FBI's 21-Year UFO Case File, 1947–1968
65_HS1-834228961_62-HQ-83894_Serial_220
FBI case file 62-HQ-83894 is a 21-year span of bureau records on UFOs and flying discs, running from the first wave of 1947 saucer reports through mid-1968, released here in more complete form than the version on the FBI Vault.
Brief
The file covers FBI investigative activity on Unidentified Flying Objects from June 1947 to July 1968 and includes eyewitness testimony, public-report intake, photographic evidence collected near Oak Ridge, Tennessee, and at least one technical proposal addressing possible propulsion systems behind the phenomenon. Researcher accounts and convention materials suggest the bureau also tracked civilian UFO study networks during this period.
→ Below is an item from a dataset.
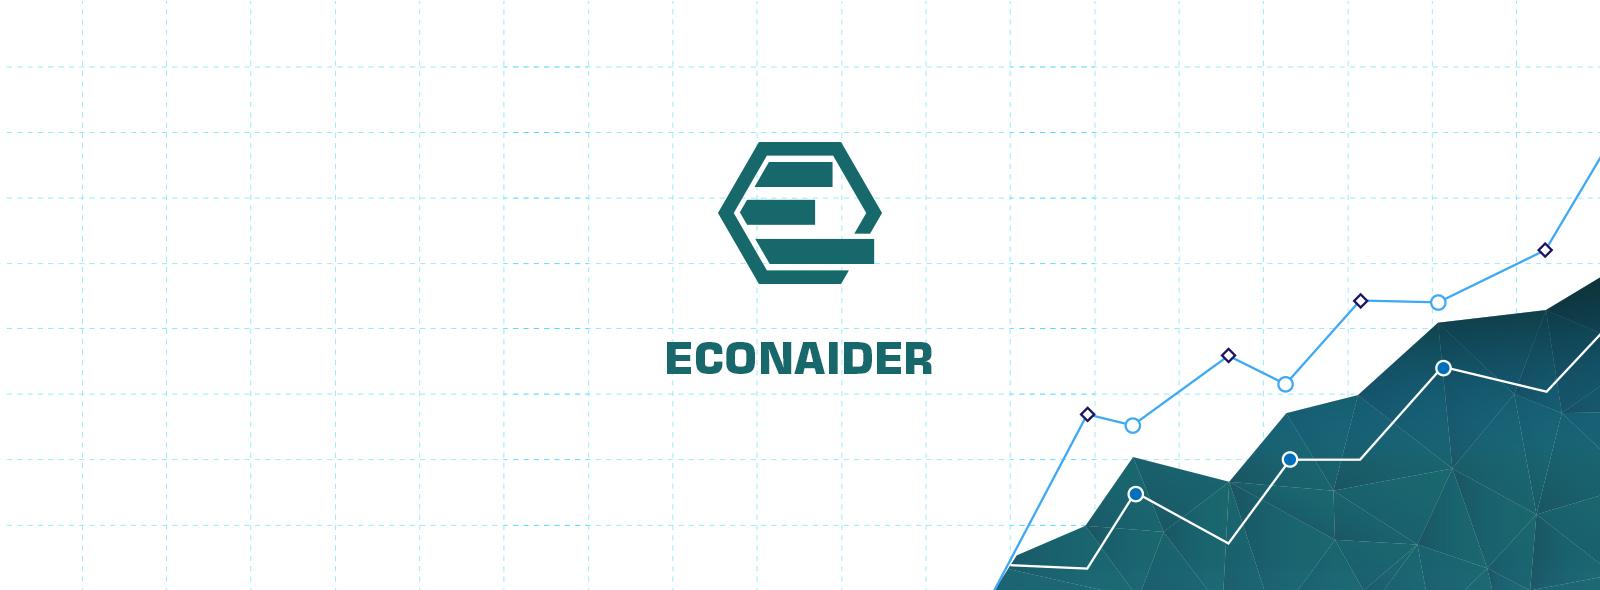 """Bazar araşdırması üçün yaradılan yerli portal """"Econaider.com""""–ın layihəsindən ilkin görüntülər."""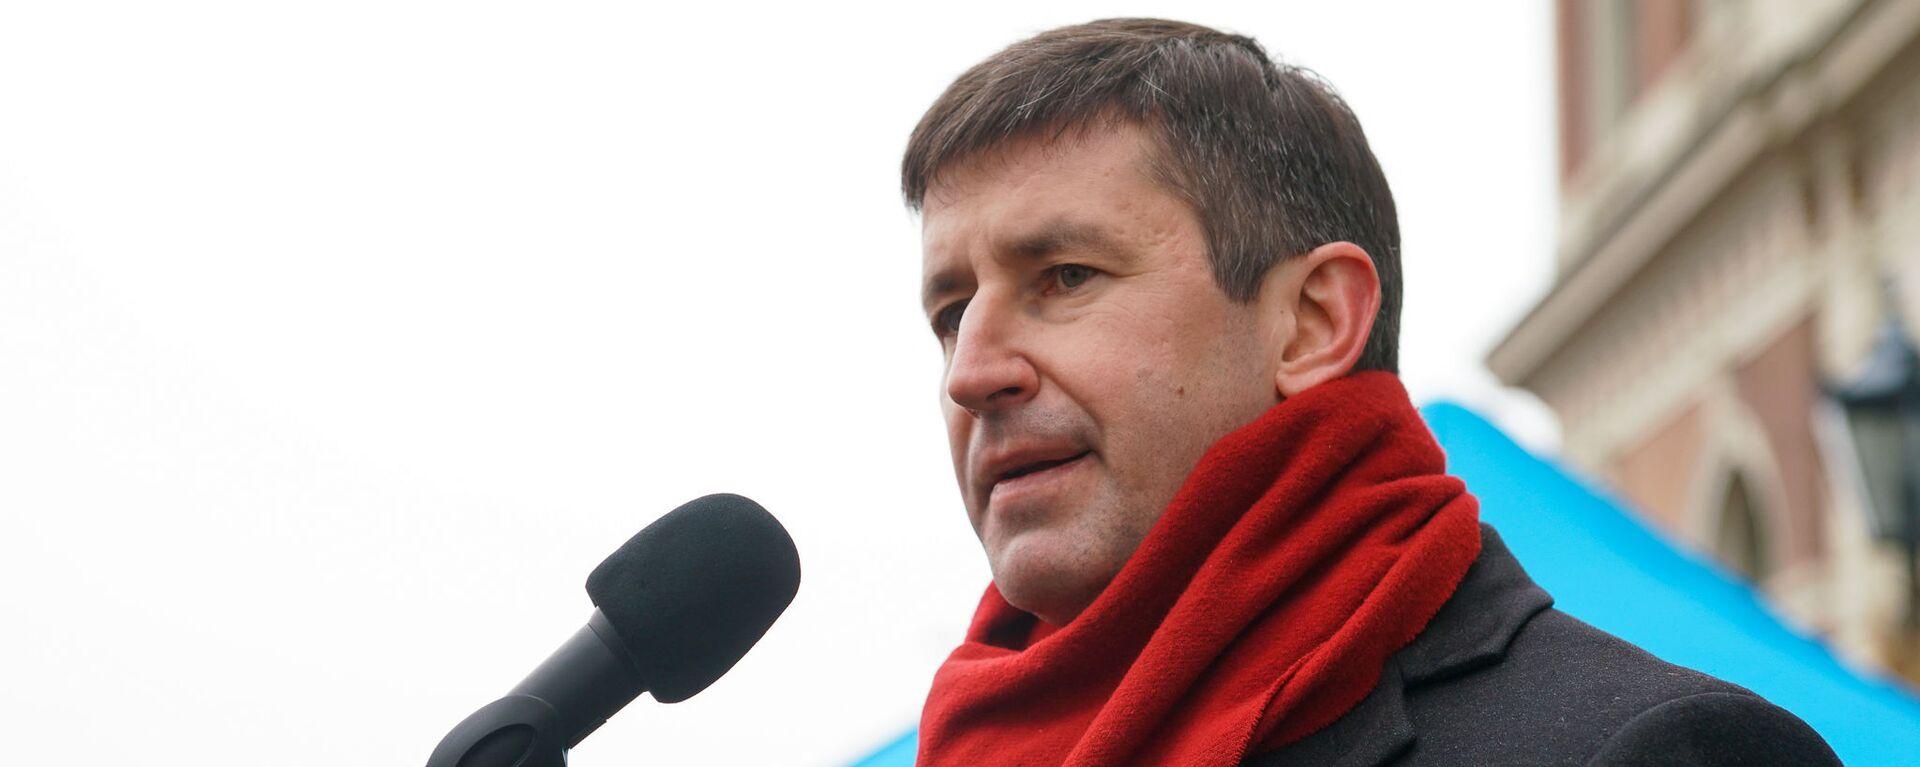 Вячеслав Домбровский на митинге на Ратушной площади в поддержку мэра города Нила Ушакова - Sputnik Латвия, 1920, 25.08.2021

The war.gov release is described as the complete case file, with several pages newly declassified and only minor redactions, making it materially more complete than the partially redacted version previously available on the FBI Vault.
Metadata
- Agency
- FBI
- Release
- 5/8/26
- Type
- PDF • .pdf
- Length
- 15 pages
- Classification
- UNCLASSIFIED
- Tags
- flying disc, UAP, photographic evidence, Oak Ridge TN, 1947–1968, propulsion analysis, nuclear site proximity
Key points
- Case spans June 1947 through July 1968 — capturing every major early UFO wave from the Arnold sighting era through the late-1960s peak.
- Photographic evidence from Oak Ridge, Tennessee is explicitly included; Oak Ridge was a classified nuclear facility, lending the sightings strategic weight.
- At least one technical proposal on propulsion systems is contained in the file, indicating the bureau received or generated analysis beyond simple incident logging.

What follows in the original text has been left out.